++++ TASK MATERIAL ++++
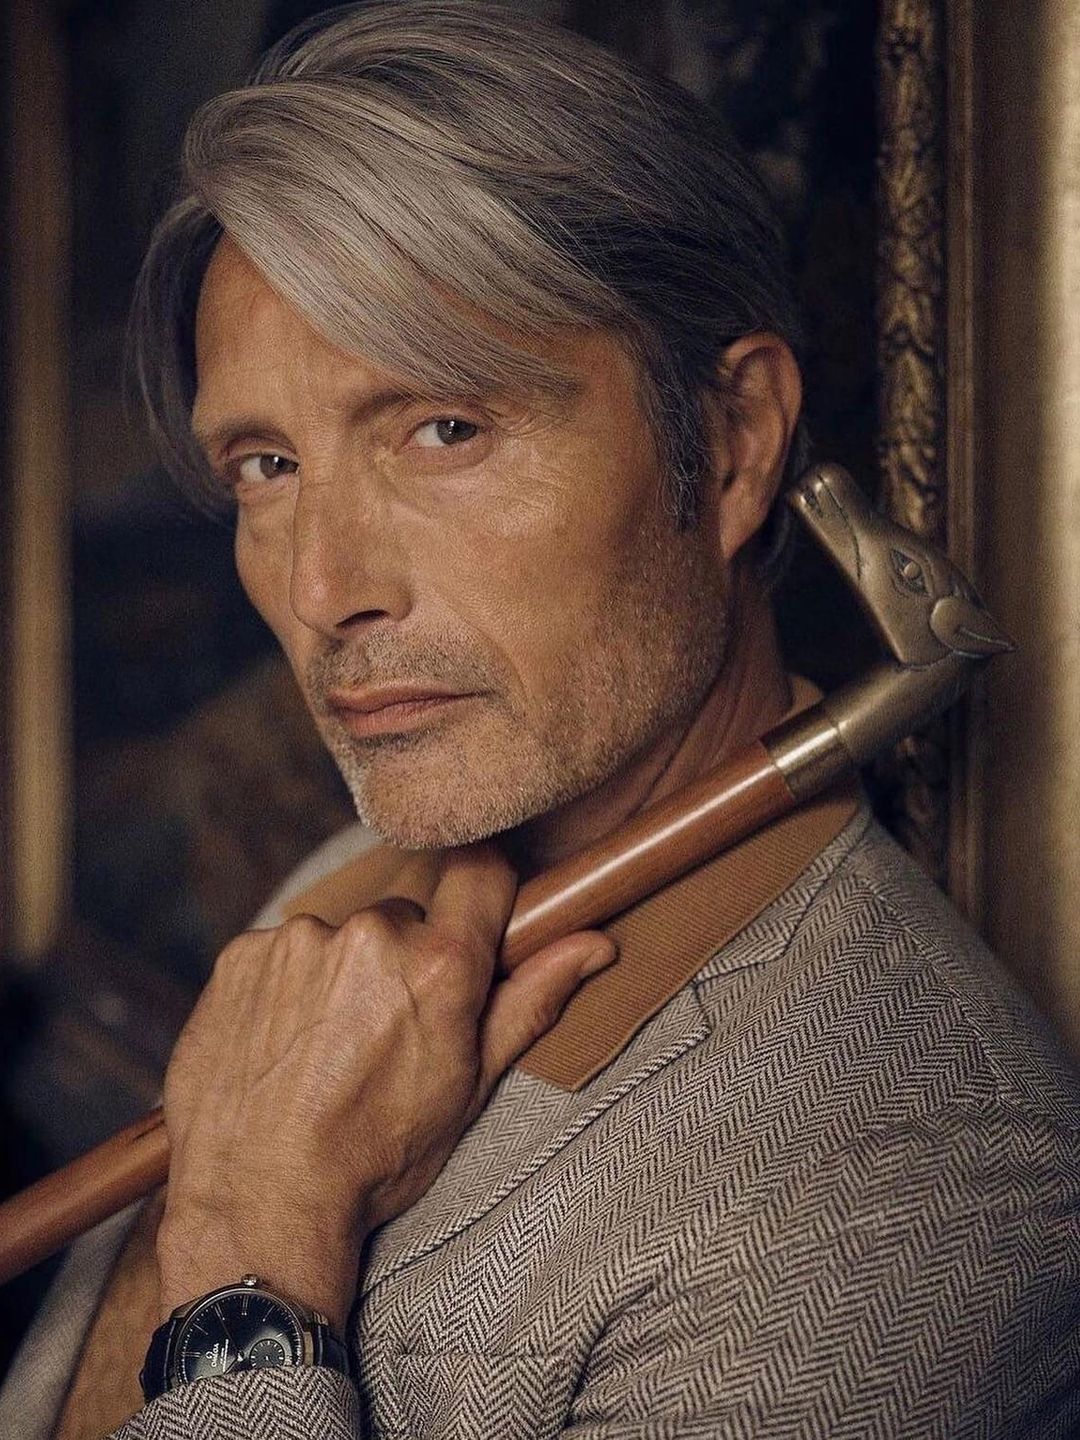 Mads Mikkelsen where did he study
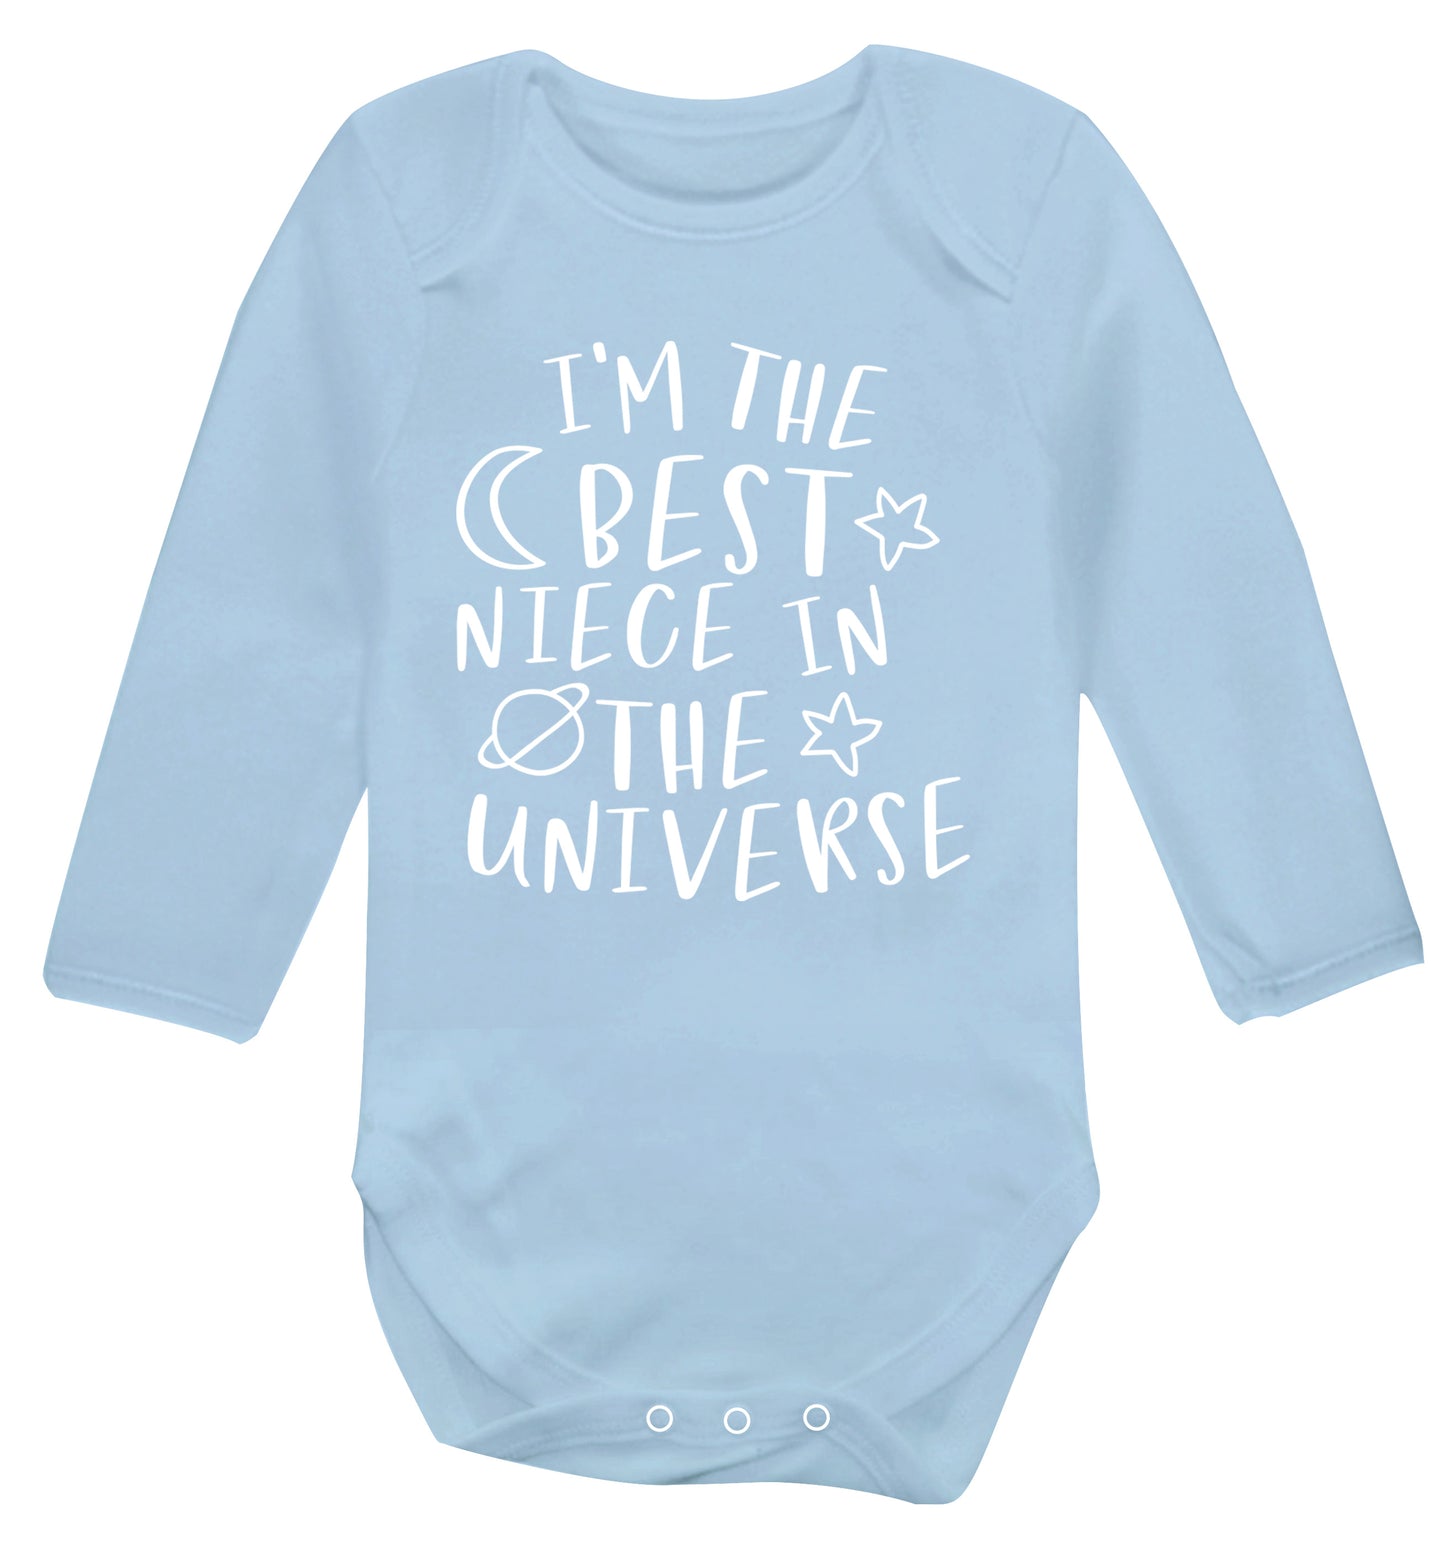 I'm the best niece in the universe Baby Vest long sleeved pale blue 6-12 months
++++
++++ TASK MATERIAL ++++
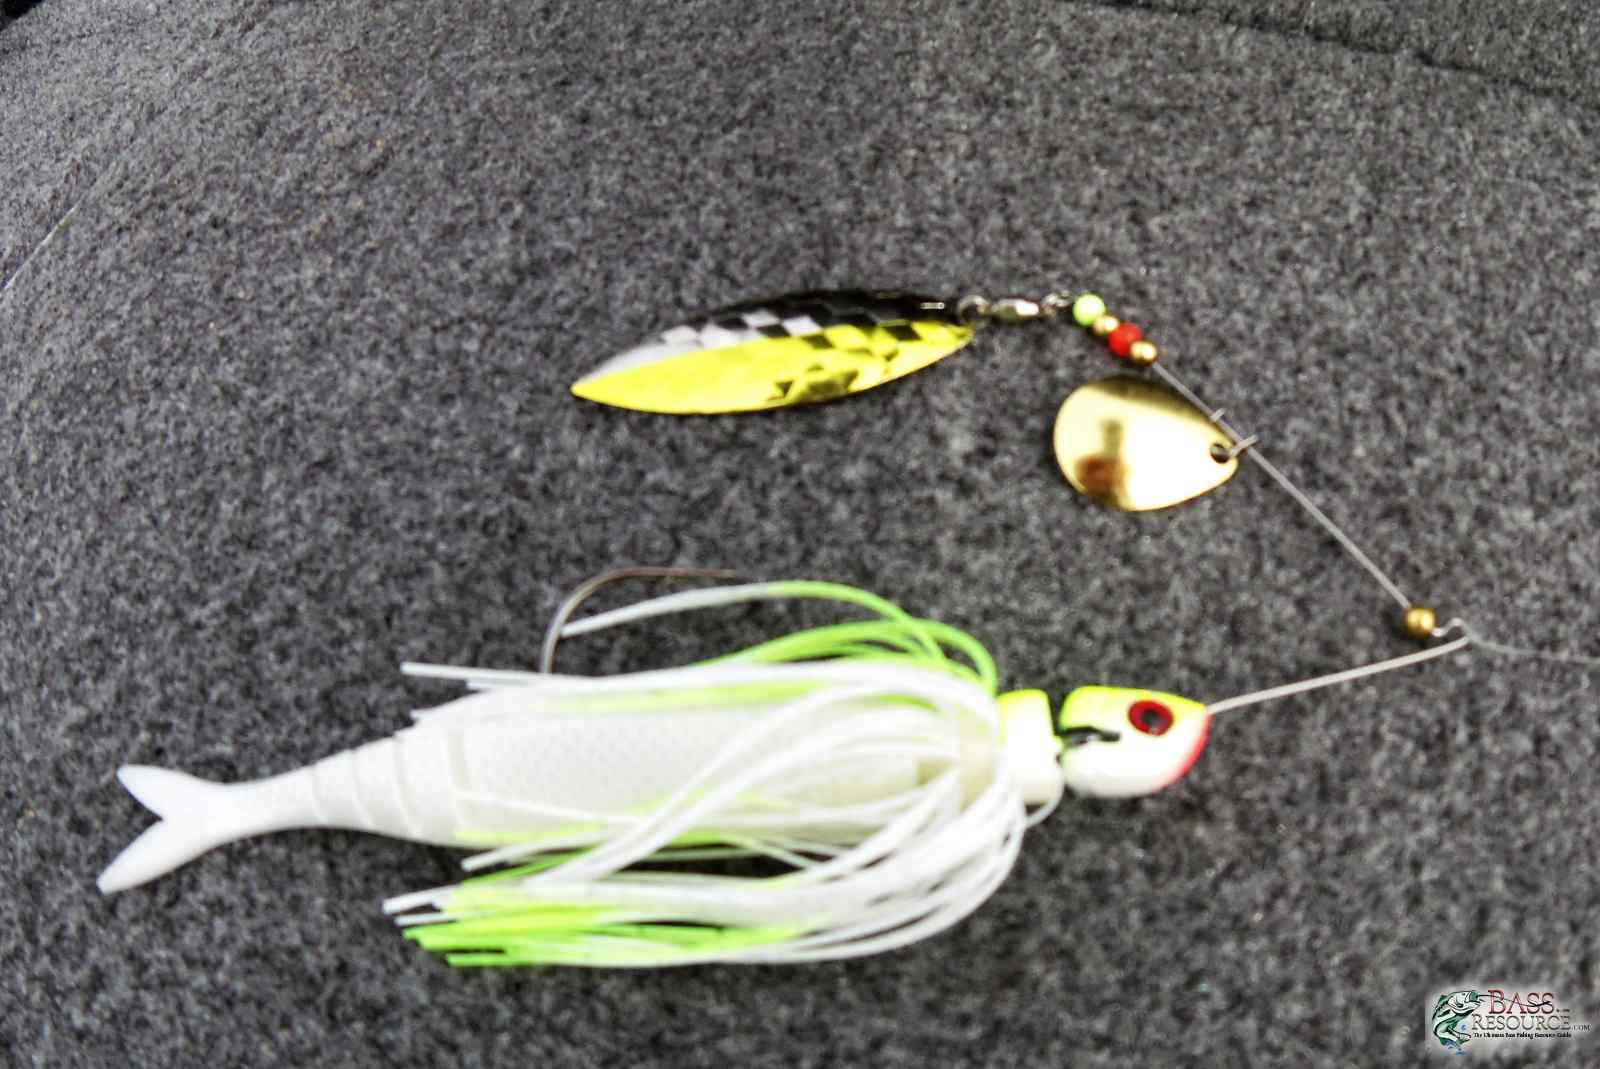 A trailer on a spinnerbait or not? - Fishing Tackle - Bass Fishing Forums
++++
# TASK TO CARRY OUT
Find the line with "Mads Mikkelsen where did he study" in the data above, and from there retype each line exactly through the line with "I'm the best", skipping the pictures along the way.

# OUTPUT
 Mads Mikkelsen where did he study
 I'm the best niece in the universe Baby Vest long sleeved pale blue 6-12 months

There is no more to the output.